Given material →
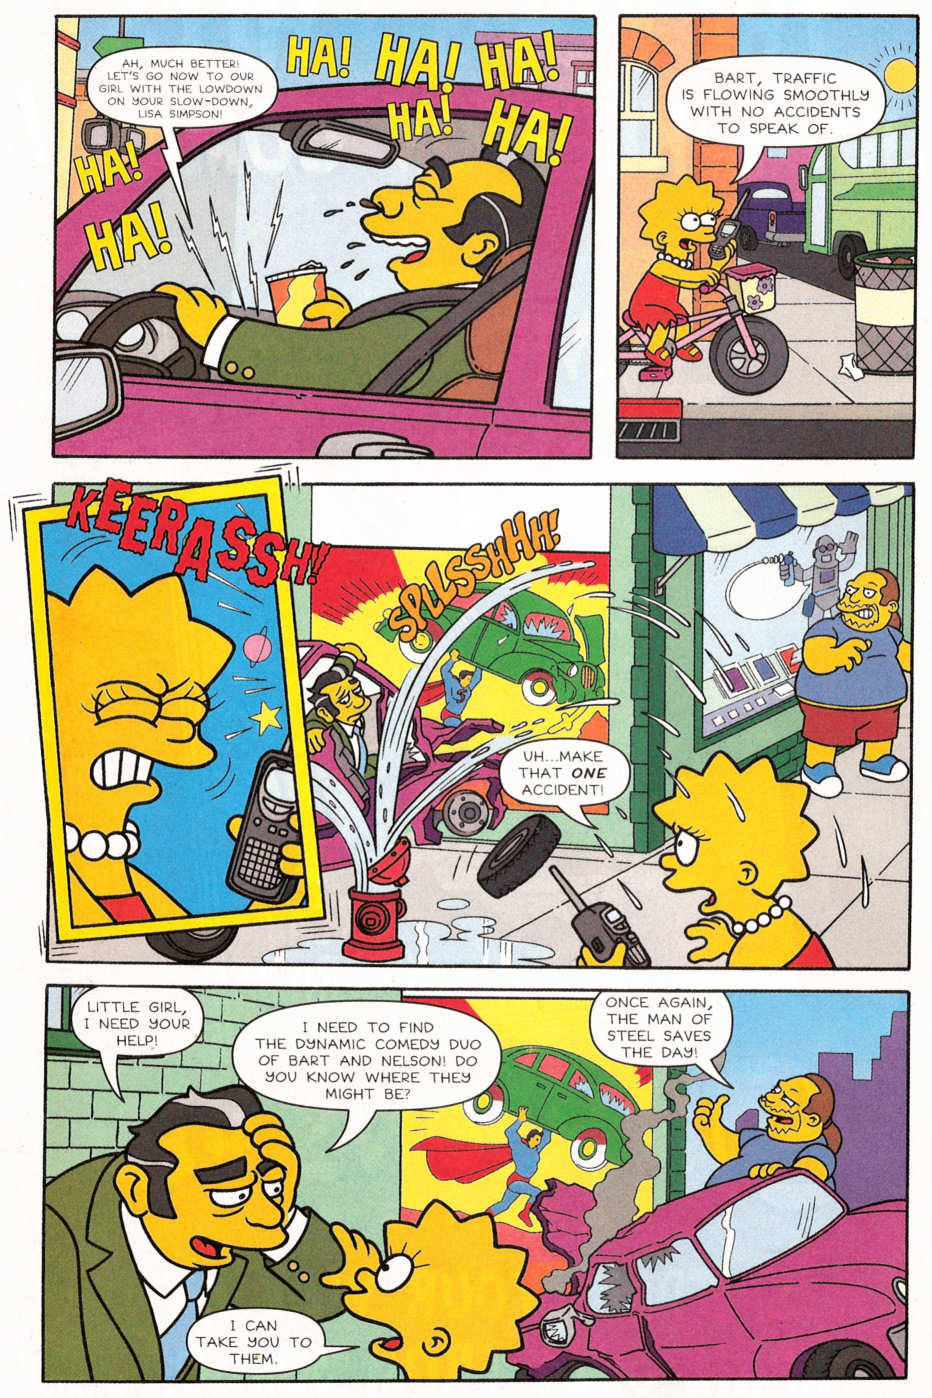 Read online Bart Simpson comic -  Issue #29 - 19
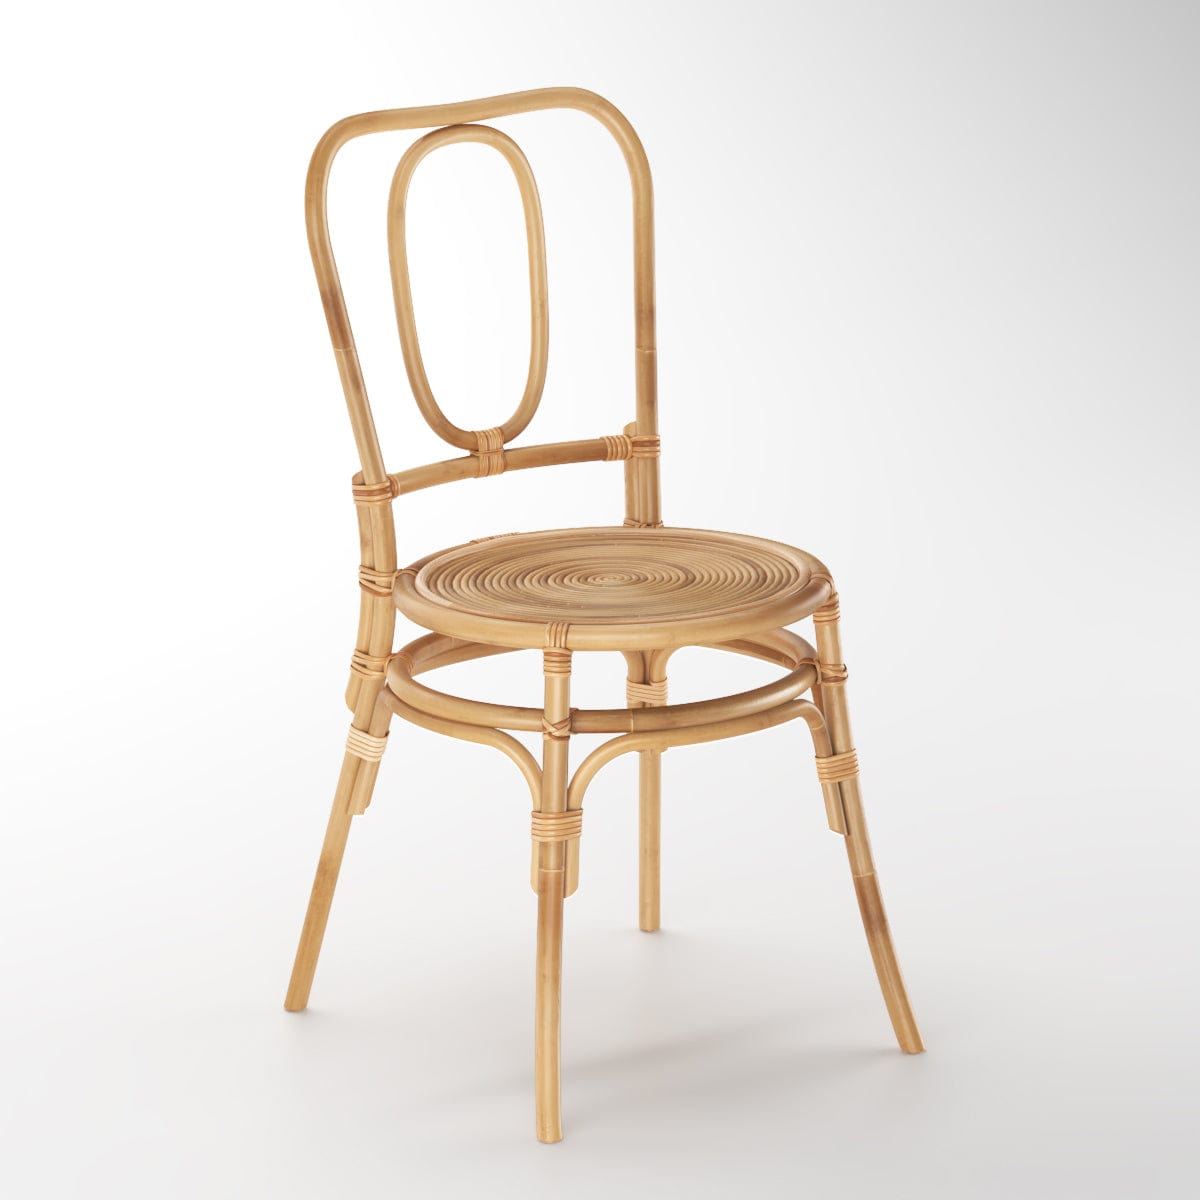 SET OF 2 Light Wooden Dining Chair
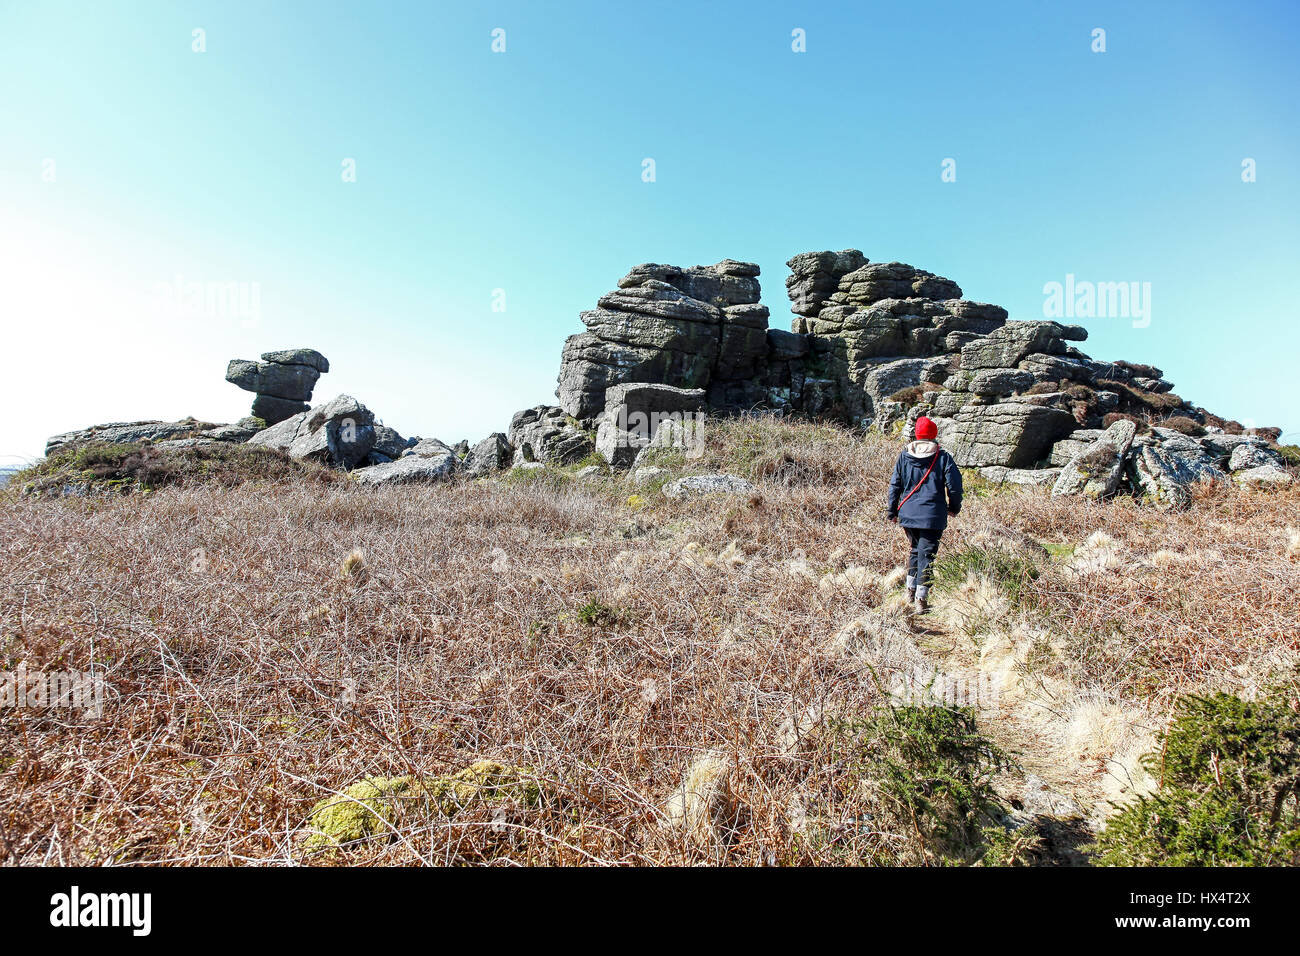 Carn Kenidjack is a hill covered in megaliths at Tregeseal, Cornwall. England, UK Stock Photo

Exercise aim → Would you return the material exactly, images excluded?

Answer box →
 Read online Bart Simpson comic -  Issue #29 - 19
 SET OF 2 Light Wooden Dining Chair
 Carn Kenidjack is a hill covered in megaliths at Tregeseal, Cornwall. England, UK Stock Photo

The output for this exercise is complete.